KASAN reported the read of size 2 at address ffff88800592a574, located 244 bytes beyond the allocated 1152-byte region in the kmalloc-2k slab cache. The allocation originates in nvme_pci_alloc_dev via kmalloc_array_node_noprof, which sizes the queue array based on the device's queue count.
The upstream fix corrects the loop condition so the index remains within 0 through dev->online_queues − 1. Index 0 is also excluded because it refers to the admin queue, which is managed separately.
Root Cause
The root cause is an off-by-one boundary error. The code treats a count value (online_queues) as if it were an inclusive index. This produces a read past the end of the queue pointer array during NVMe reset paths invoked by the nvme-reset-wq workqueue.
Attack Vector
The vulnerability is triggered during NVMe controller initialization and reset workflows handled by nvme_reset_work. Triggering the condition requires local interaction with NVMe hardware or a controller reset event. No network attack vector or remote exploitation path is documented. The EPSS probability is 0.032%, indicating no observed exploitation activity.

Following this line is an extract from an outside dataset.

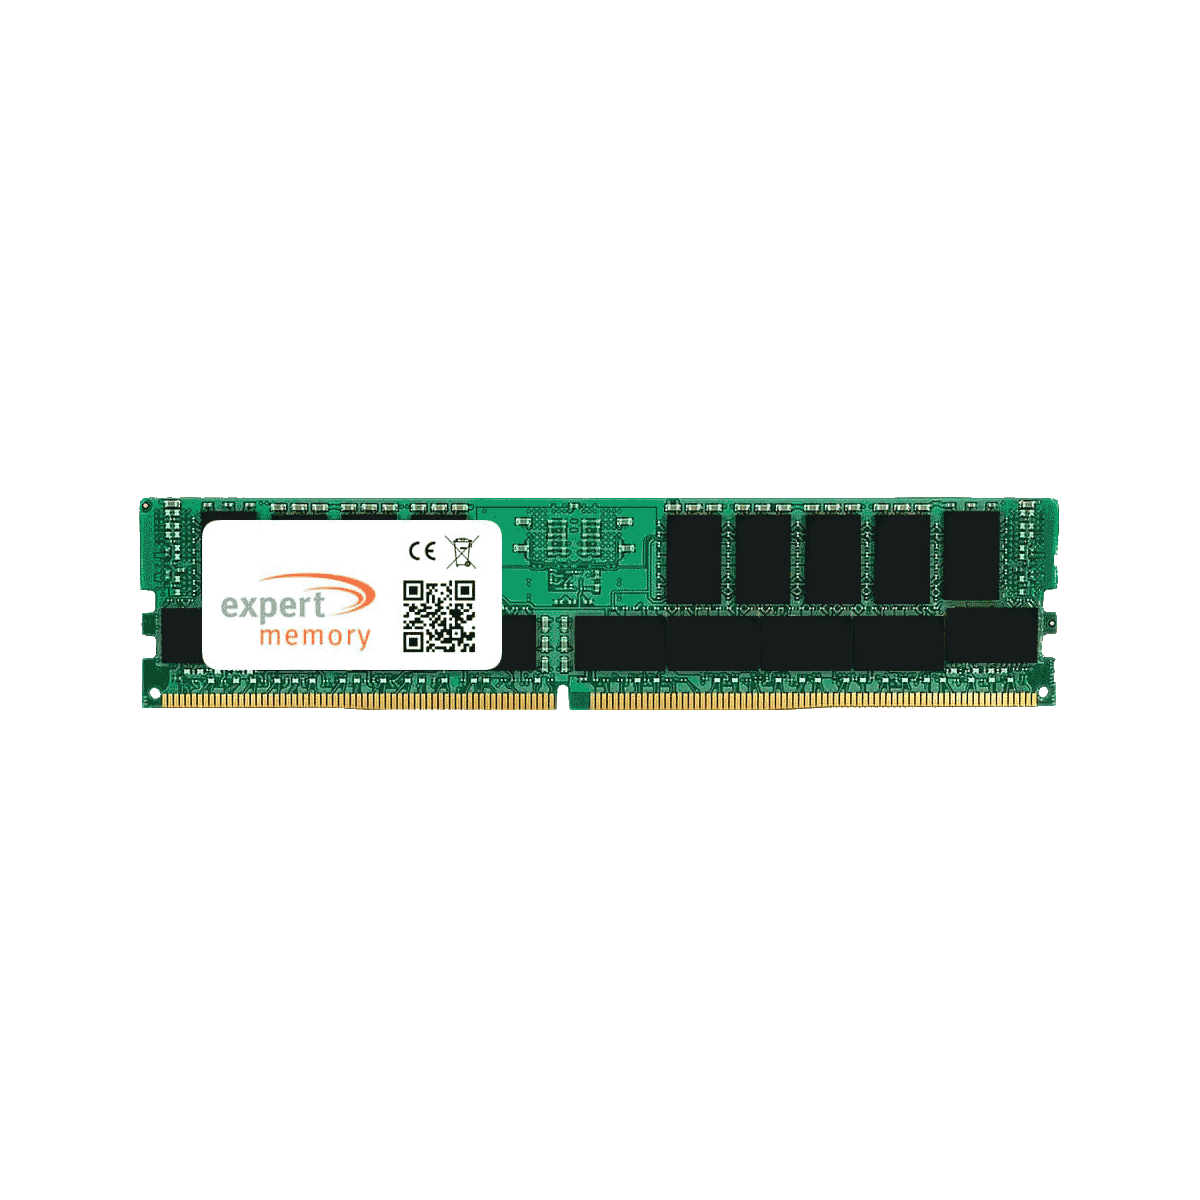 DDR4 64 2933 64GB ECC EXPERT Asus RAM RPA-U1 RDIMM Upgrade Server MEMORY GB K Memory 4Rx4

The vulnerability is described in prose only because no verified exploit code is available. See the upstream commits, including Linux Kernel Commit 2b9d605 and Linux Kernel Commit 83e6edd, for the patch details.
Detection Methods for CVE-2026-43449
Indicators of Compromise
- KASAN reports containing slab-out-of-bounds in nvme_dbbuf_set or nvme_dbbuf_free in kernel logs
- Kernel call traces referencing nvme_reset_work originating from the nvme-reset-wq workqueue
- Unexpected NVMe controller resets logged through dmesg or journalctl -k
Detection Strategies
- Enable KASAN on test or staging kernels to surface out-of-bounds reads in NVMe code paths
- Monitor kernel logs for BUG: KASAN entries on systems running pre-patch kernels with NVMe storage
- Inventory deployed kernel versions against the fixed commits listed in the upstream references
Monitoring Recommendations
- Forward kernel ring buffer events to a centralized logging or SIEM platform for nvme_* errors
- Alert on repeated NVMe controller reset events that may indicate underlying instability
- Track kernel package versions through configuration management to confirm patch deployment
How to Mitigate CVE-2026-43449
Immediate Actions Required
- Identify systems running unpatched Linux kernels that include the affected NVMe PCI driver
- Apply the vendor-supplied kernel update from your distribution that incorporates the upstream fix
- Reboot affected hosts after upgrading to load the corrected kernel image
Patch Information
The fix is available across multiple stable kernel branches via the following upstream commits: Linux Kernel Commit 2b9d605, Linux Kernel Commit 328c551, Linux Kernel Commit 50bad78, Linux Kernel Commit 78279d2, Linux Kernel Commit 83e6edd, Linux Kernel Commit 86183d5, Linux Kernel Commit b4e78f1, and Linux Kernel Commit d7990c9. Distribution-packaged kernels should be preferred over manual patching.
Workarounds
- No documented workaround exists; applying the kernel patch is the only complete remediation
- Minimize induced NVMe controller resets while patching is pending to reduce trigger frequency
- Restrict local access on affected hosts to reduce opportunities for adversarial reset triggers
# Verify kernel version and check for the fix after patching
uname -r
dmesg | grep -i nvme
# Confirm package update on Debian/Ubuntu
apt list --installed 2>/dev/null | grep linux-image
# Confirm package update on RHEL/Fedora
rpm -qa | grep kernel
Disclaimer: This content was generated using AI. While we strive for accuracy, please verify critical information with official sources.